FaultType: Microsoft.Health.FaultType.StorQos.InsufficientThroughput

  • Severity: Warning
  • Reason: "Storage throughput is insufficient to satisfy reserves."
  • RecommendedAction: "Reconfigure Storage QoS policies."

FaultType: Microsoft.Health.FaultType.StorQos.LostCommunication

  • Severity: Warning
  • Reason: "The Storage QoS policy manager has lost communication with the volume."
  • RecommendedAction: "Please reboot nodes {nodes}"

FaultType: Microsoft.Health.FaultType.StorQos.MisconfiguredFlow

  • Severity: Warning
  • Reason: "One or more storage consumers (usually Virtual Machines) are using a non-existent policy with id {id}."
  • RecommendedAction: "Recreate any missing Storage QoS policies."

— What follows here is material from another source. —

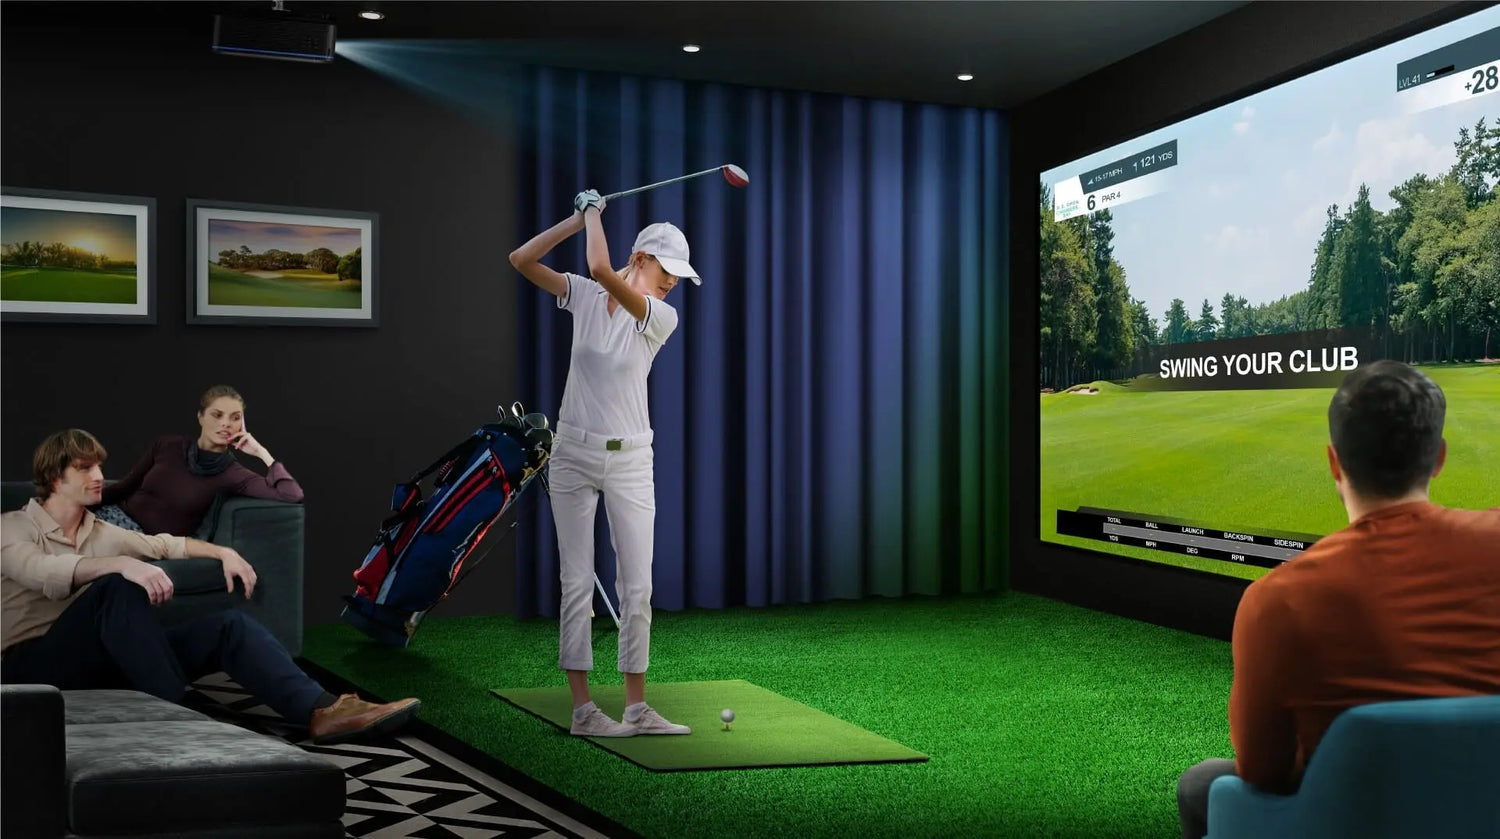 What Technology Components do I need to build my own Golf Simulator? Masters Voice Audio Visual

1 Indicates the volume has reached 80% full (minor severity) or 90% full (major severity). 2 Indicates some .vhd(s) on the volume have not met their Minimum IOPS for over 10% (minor), 30% (major), or 50% (critical) of rolling 24-hour window.

Note

The health of storage enclosure components such as fans, power supplies, and sensors is derived from SCSI Enclosure Services (SES). If your vendor does not provide this information, the Health Service cannot display it.